▶ Aim of the task:
Could the lines from the line bearing "Immigrants from Netherlands" to the end of the records below be copied exactly, with the pictures left out and no other lines added?

Stored dataset items
******************************

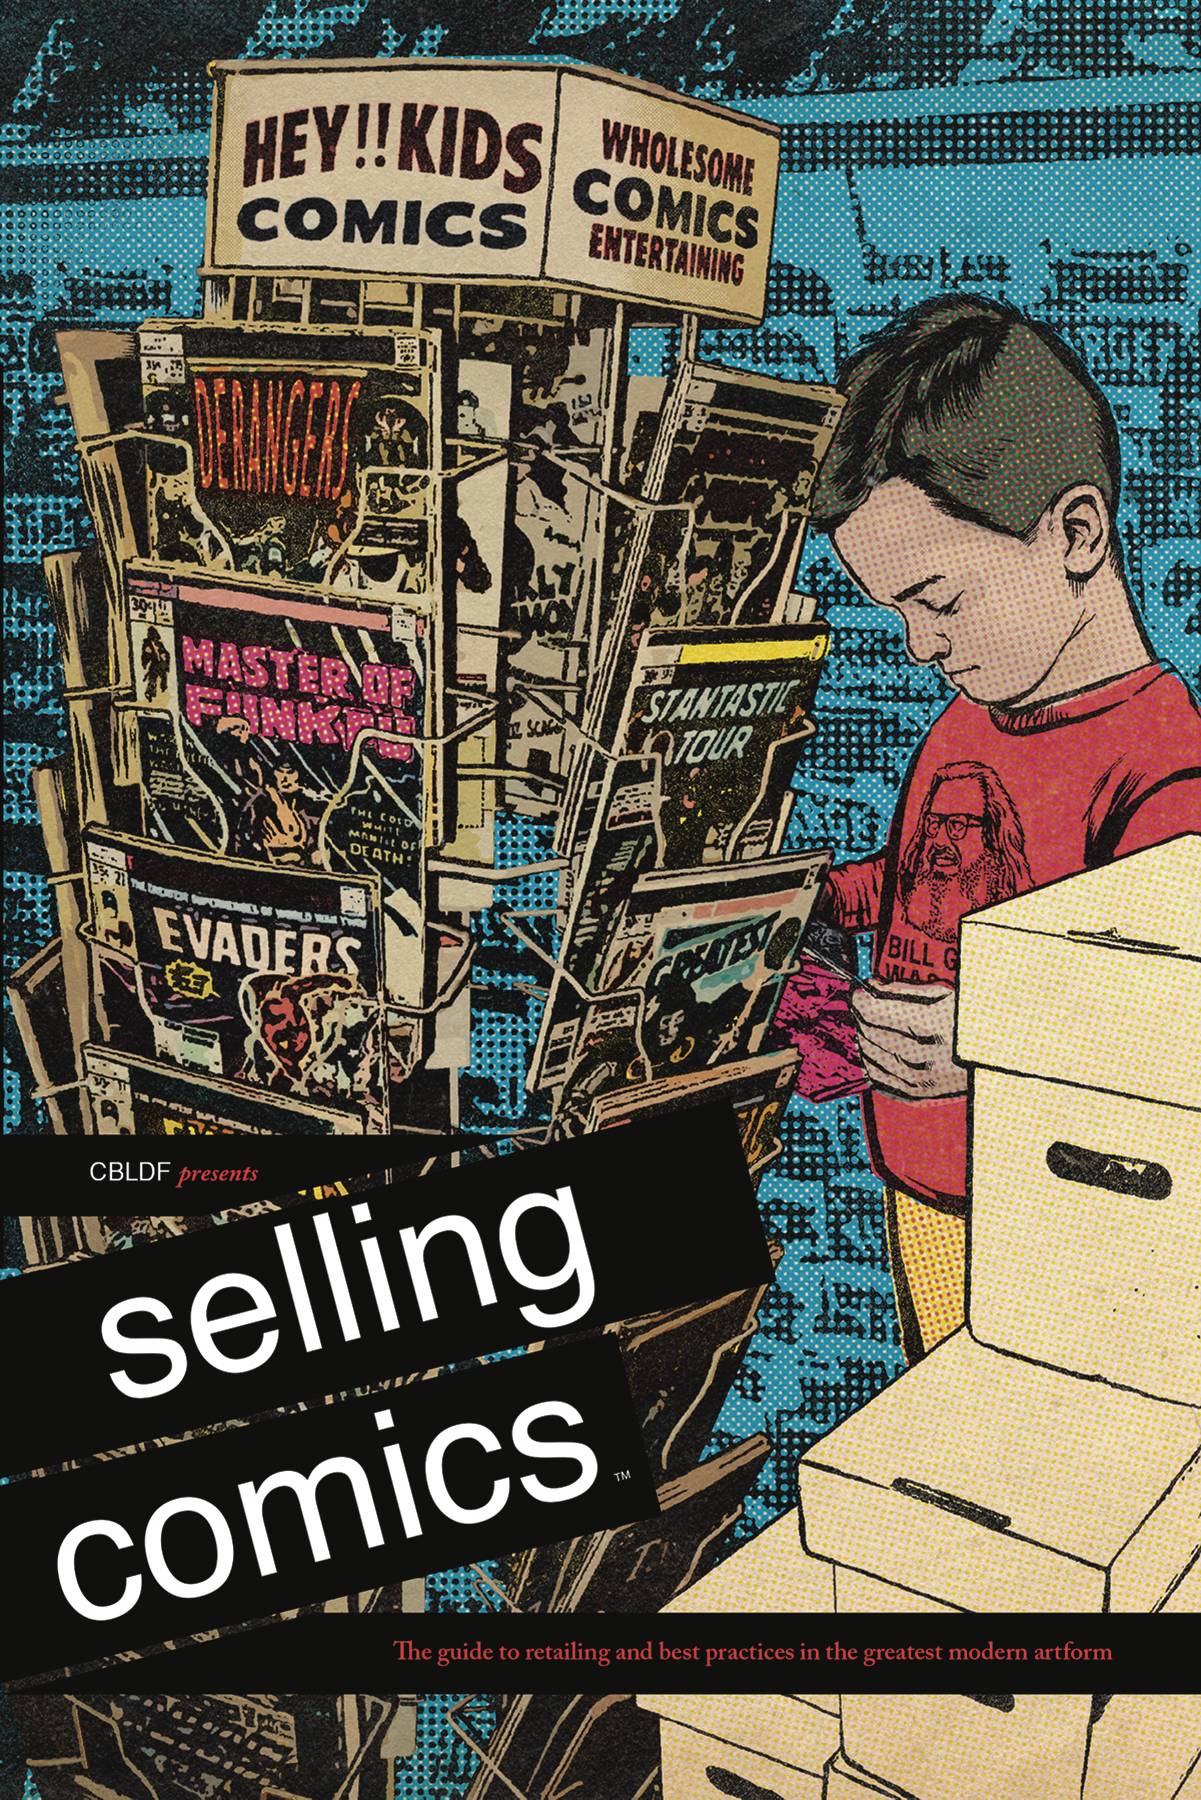 CBLDF Presents Selling Comics Graphic Novel Guide To Retailing
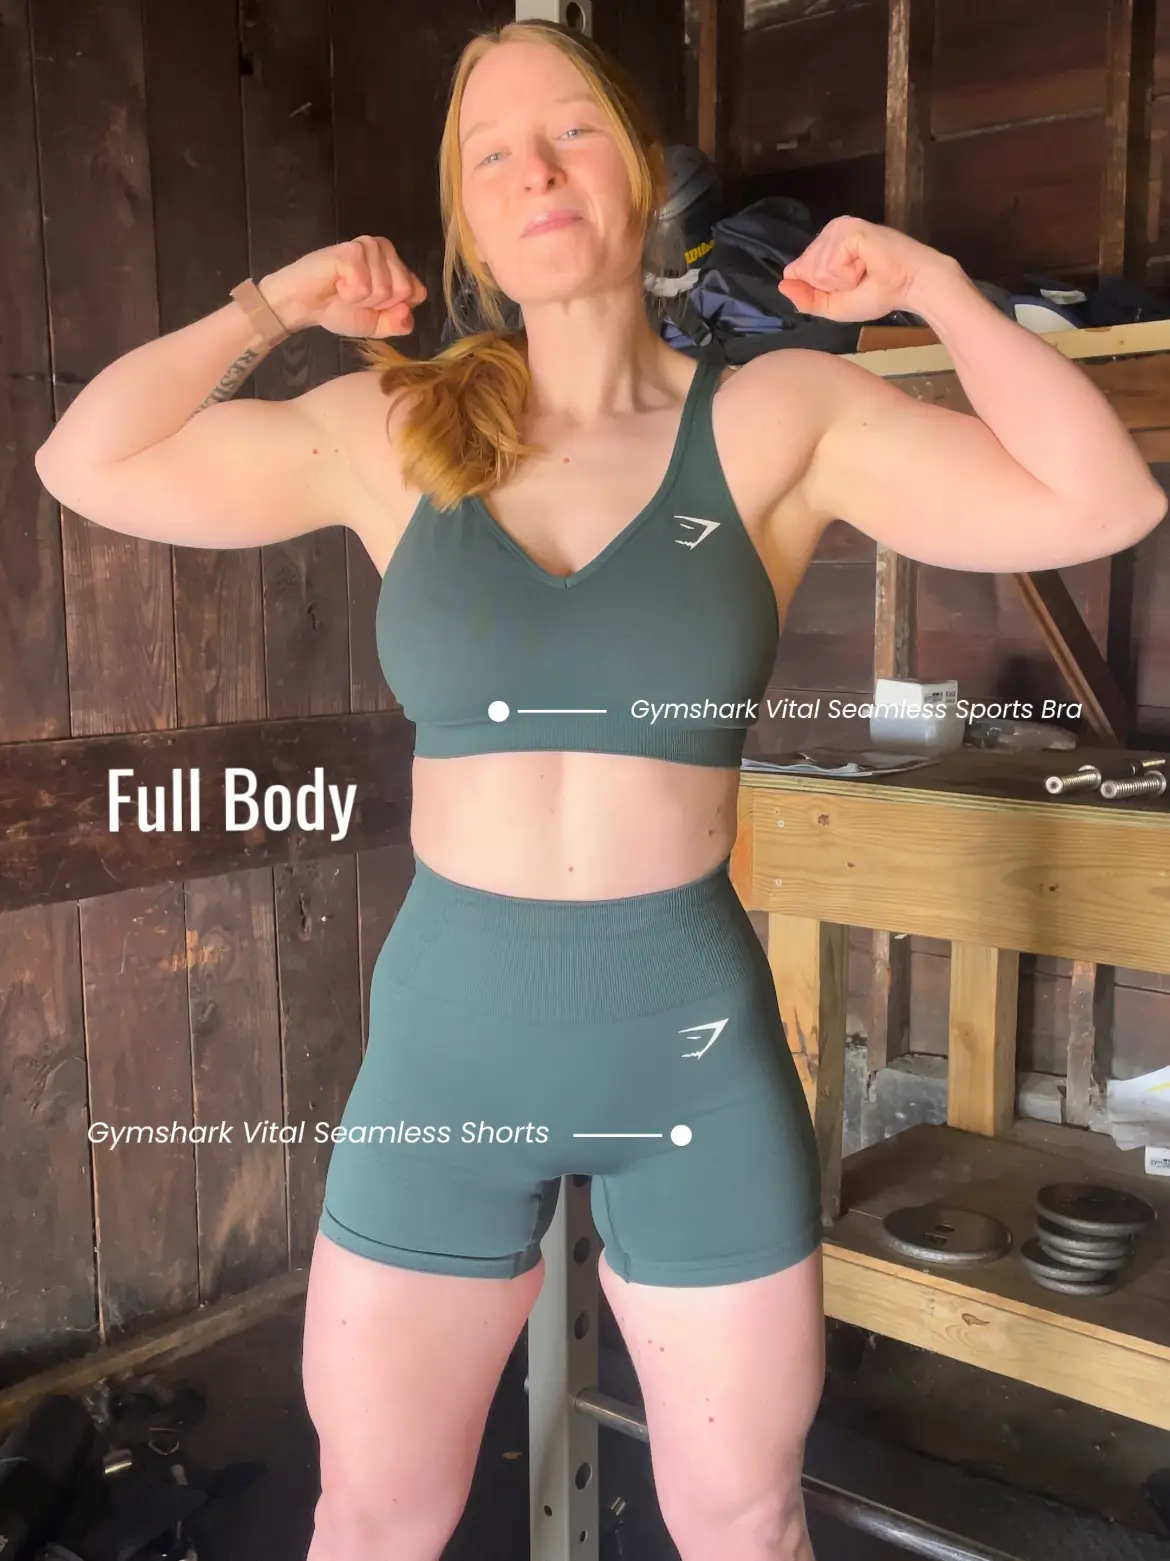 Week of Gymshark Fits, Gallery posted by LauraLeeFitness
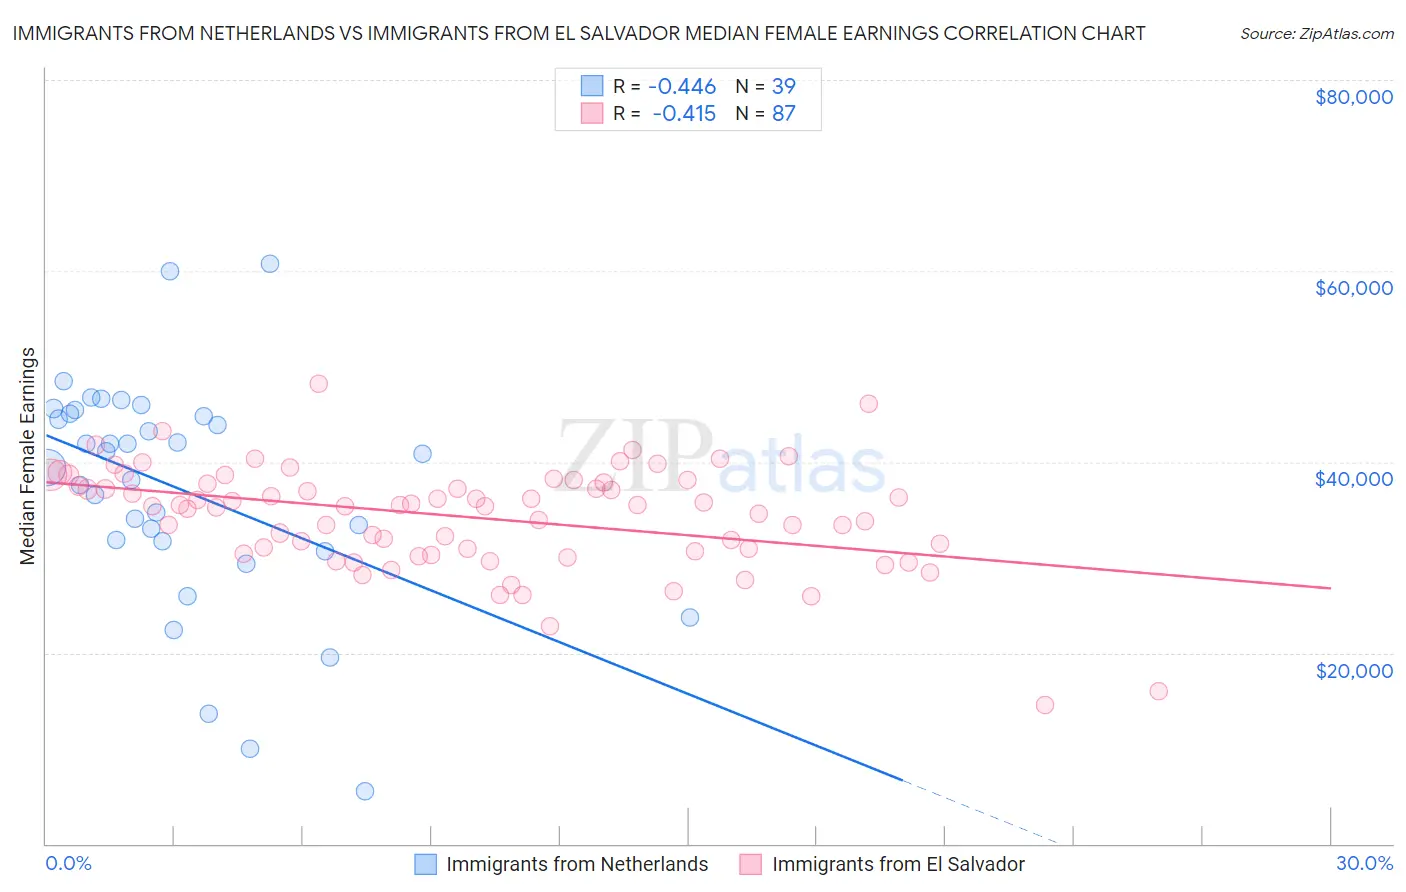 Immigrants from Netherlands vs Immigrants from El Salvador Median Female Earnings
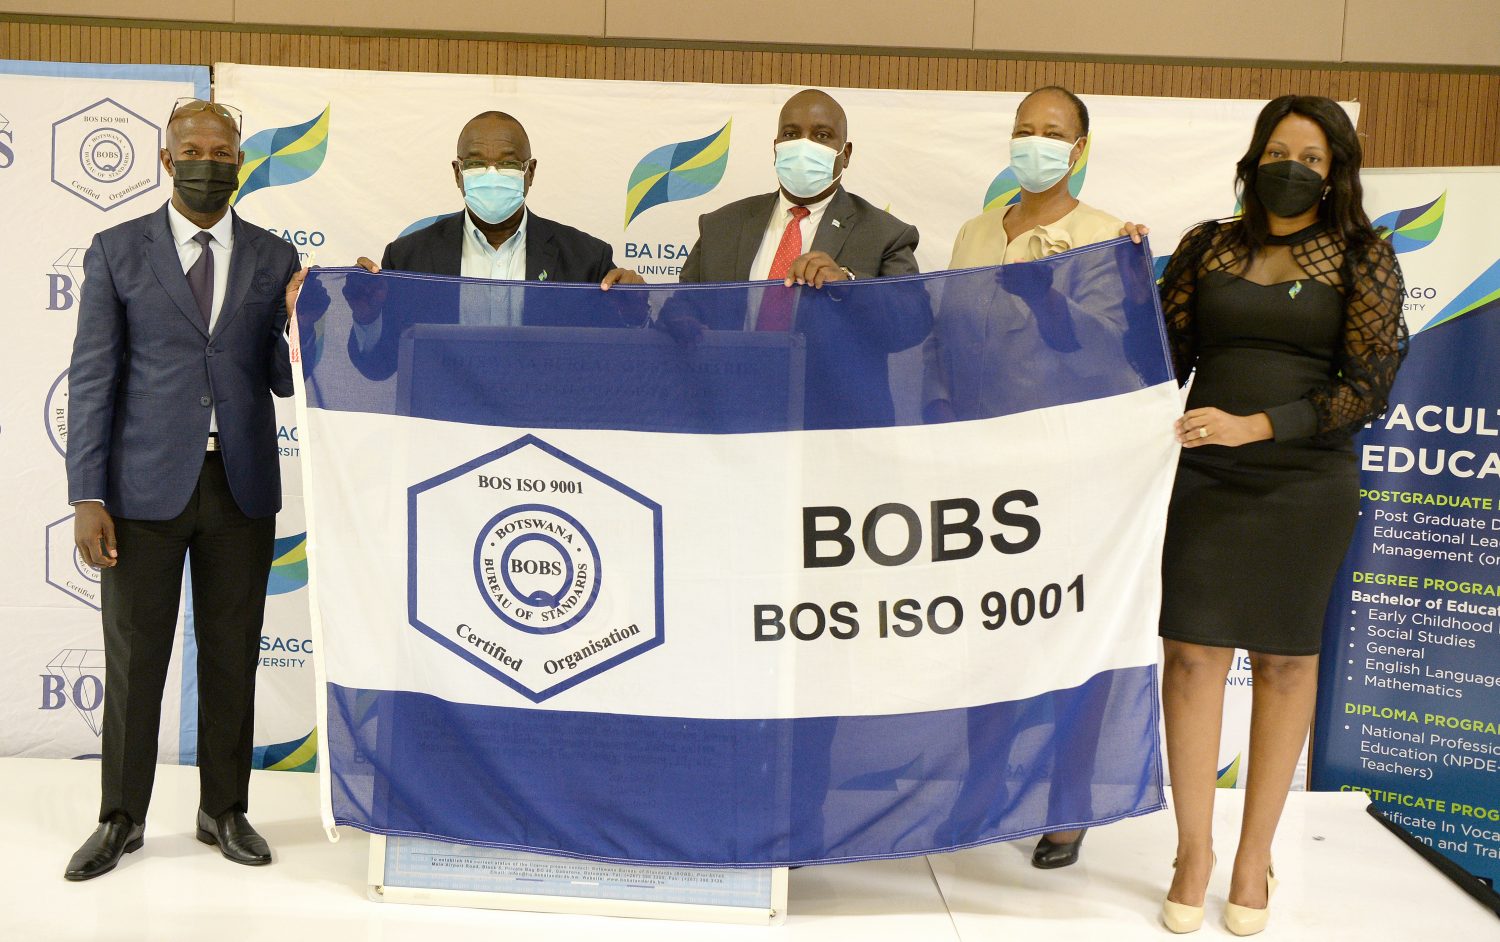 BA ISAGO University now BOBS ISO 9001:15 Quality Management System certified
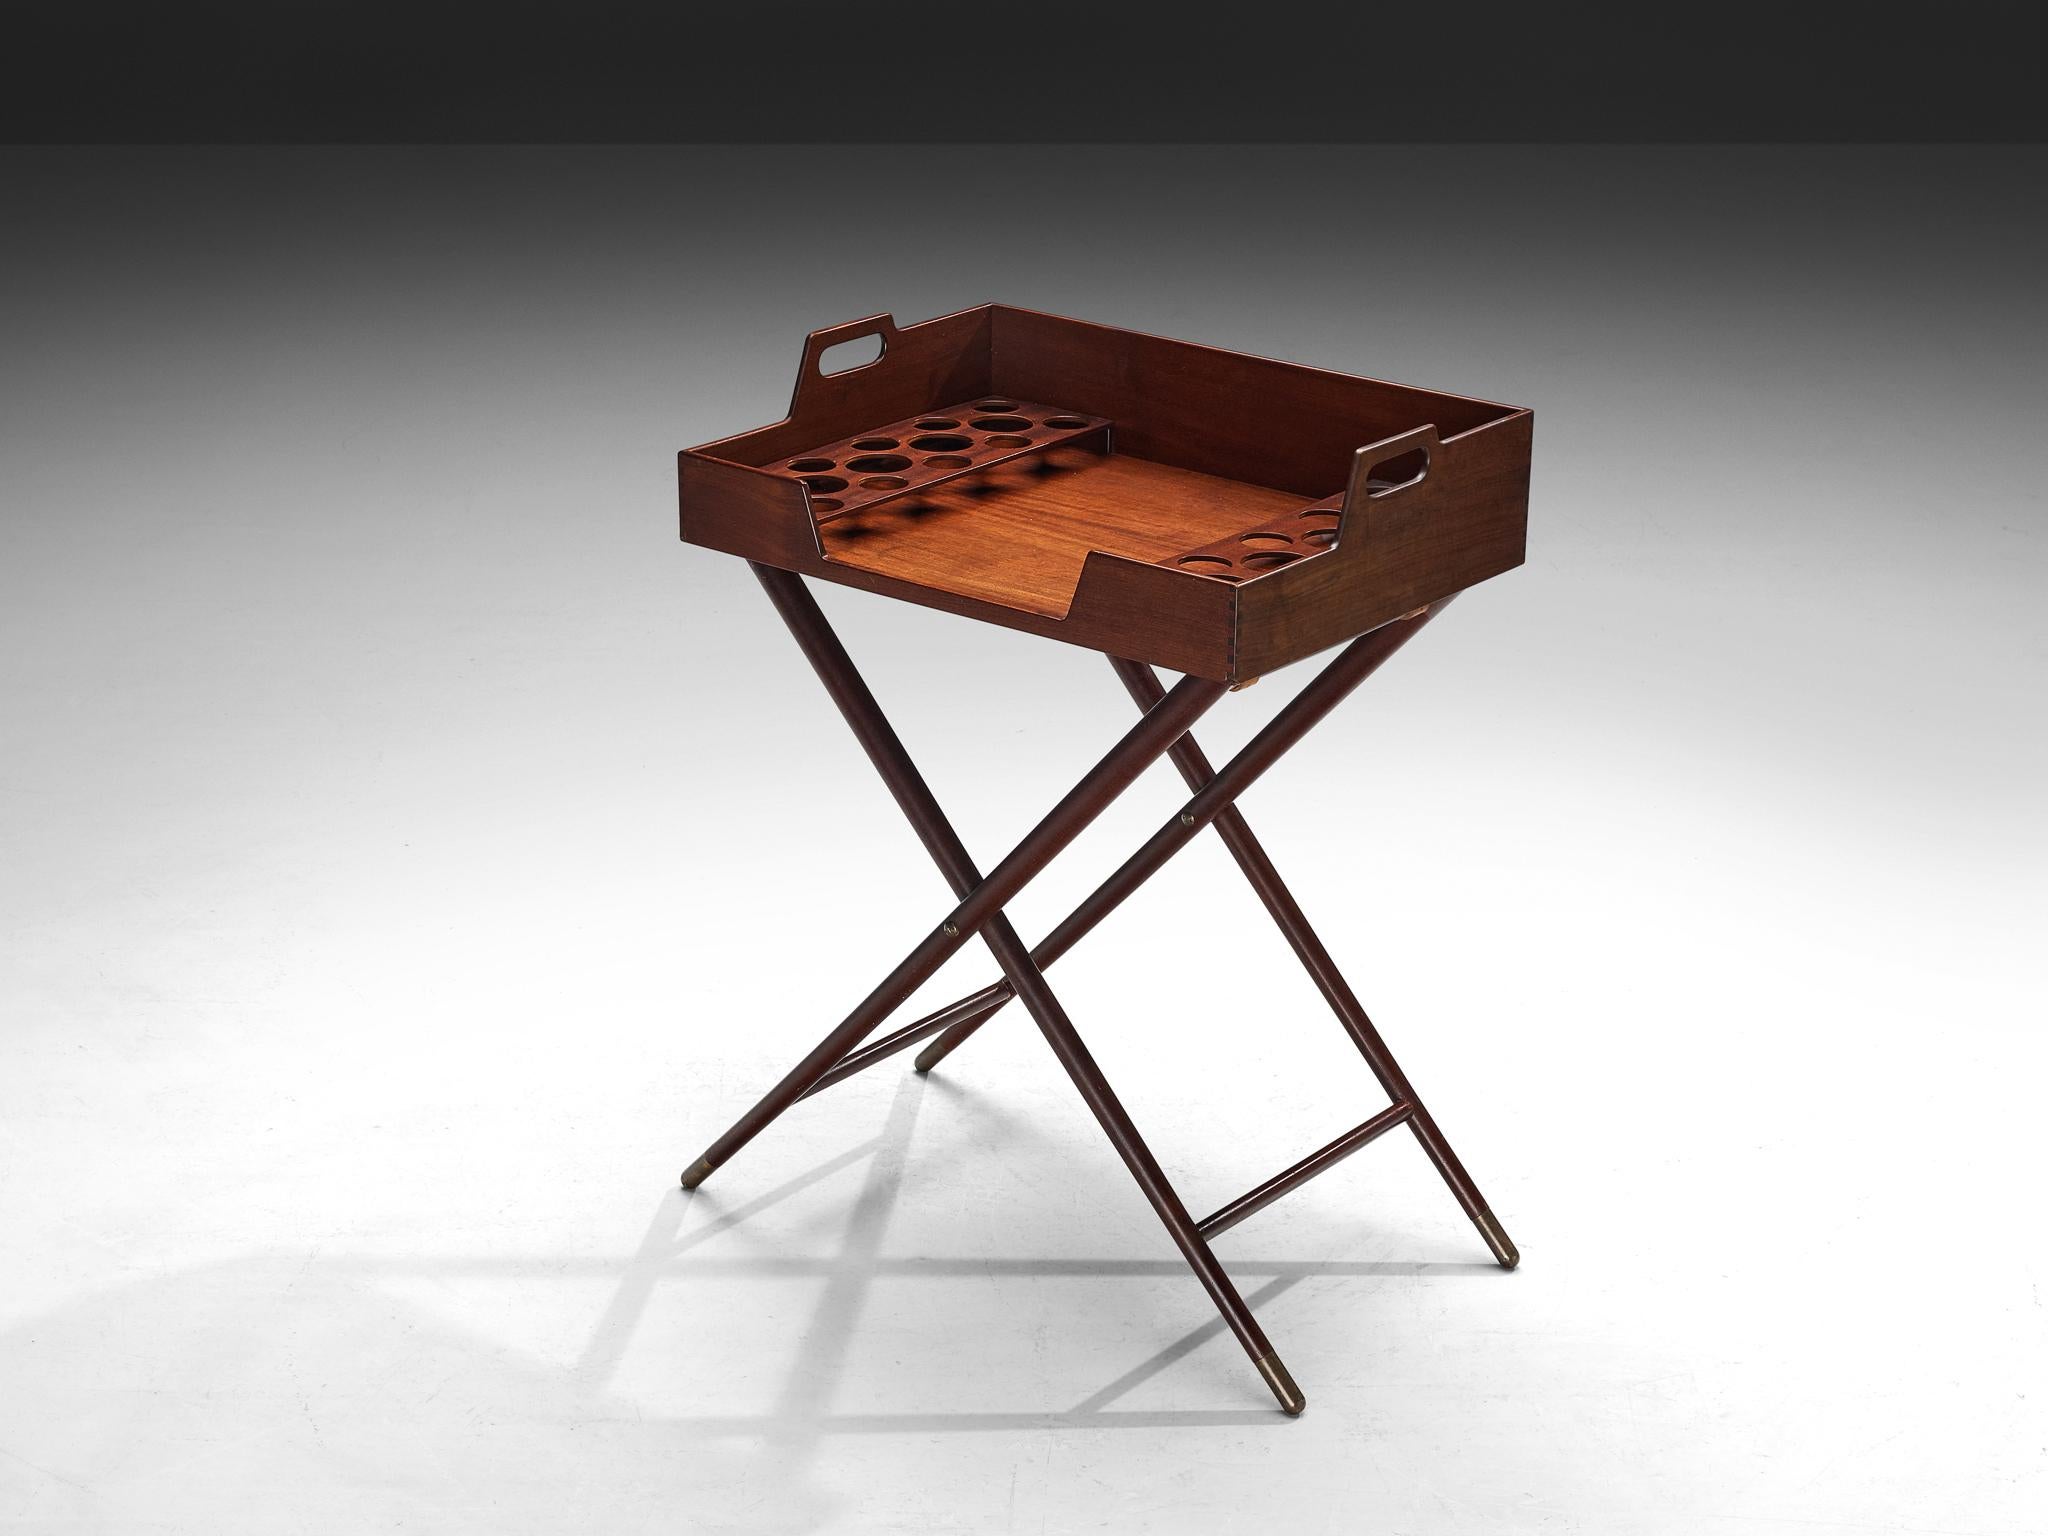 Acton Bjørn, tray table or serving table, teak, brass, leather, Denmark, 1930s

This unique tray table has a splendid construction consisting of a tray that is attached to the base with leather straps. The tray is equipped with handles allowing the

******************************

▶ Exercise response:
 Immigrants from Netherlands vs Immigrants from El Salvador Median Female Earnings
 BA ISAGO University now BOBS ISO 9001:15 Quality Management System certified
 Acton Bjørn, tray table or serving table, teak, brass, leather, Denmark, 1930s

This unique tray table has a splendid construction consisting of a tray that is attached to the base with leather straps. The tray is equipped with handles allowing the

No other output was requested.